You can't do $f''(f)$ because $f''$ takes a time as an argument, and $f''$ is an acceleration.

If $f(t)$ describes a traversal from $x_0$ to $x_1$ in this condition, then the acceleration condition is that $f''(t) = a(f(t))$.

This means that the acceleration depends only on location - for example, an item in a gravity field, an item tied to a spring, the left-right position of a pendulum, or a charged particle in an unchanging magnetic field.

So, assume $f(t_0)=x_0$ and $f(t_1)=x_1$ and $f''(t)=a(f(t))$ for all $t\in[t_0,t_1]$.

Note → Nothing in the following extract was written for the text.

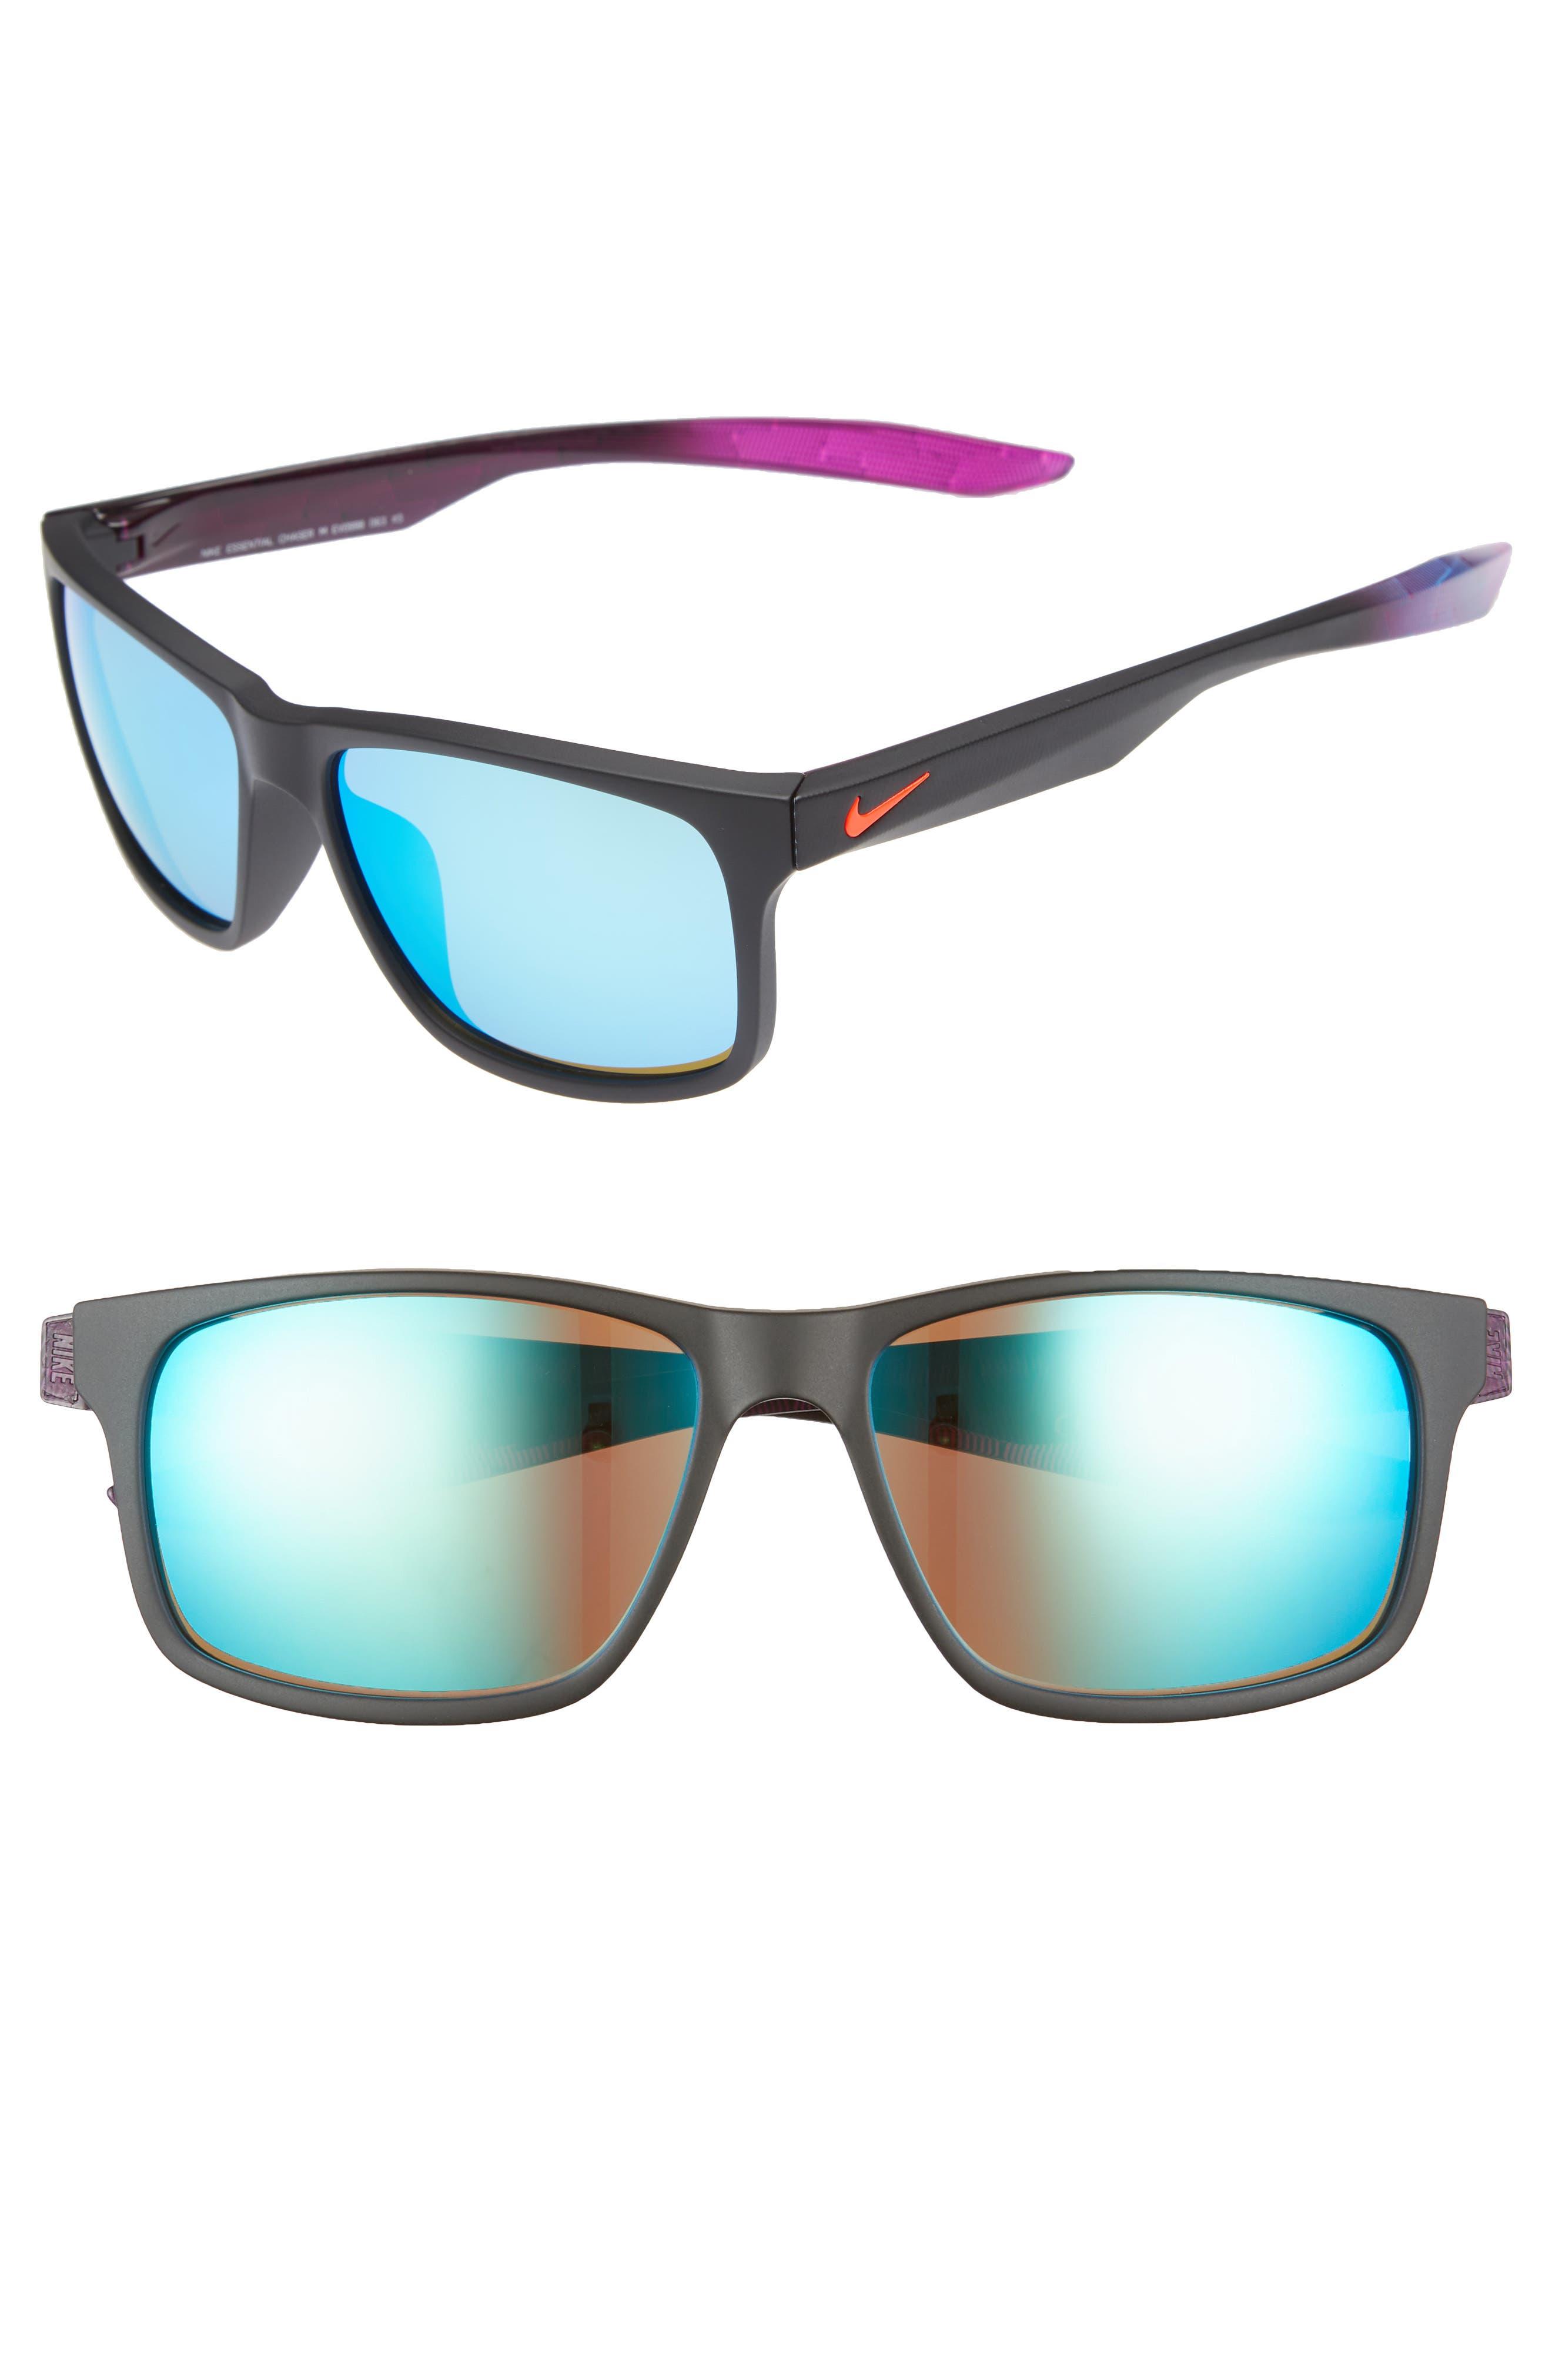 Nike Essential Chaser 57Mm Reflective Sunglasses - Matte Black/ Green

By setting $x=f(t)$ we get: $$\begin{align}\int_{x_0}^{x_1} a(x) dx &= \int_{t_0}^{t_1} a(f(t))f'(t)dt\\ &=\int_{t_0}^{t_1} f''(t)f'(t)dt = \frac{1}{2}(f'(t))^2\bigg|_{t_0}^{t_1} = \frac{1}{2}(v_1^2-v_0^2) \end{align}$$

Note

There is an abuse of notation in the expression: $$\int_{x_0}^x a(x)dx$$ The variable $x$ should not be both a bound of the integral and the variable of integration, because otherwise inside the integral we are never sure which $x$ where are talking about.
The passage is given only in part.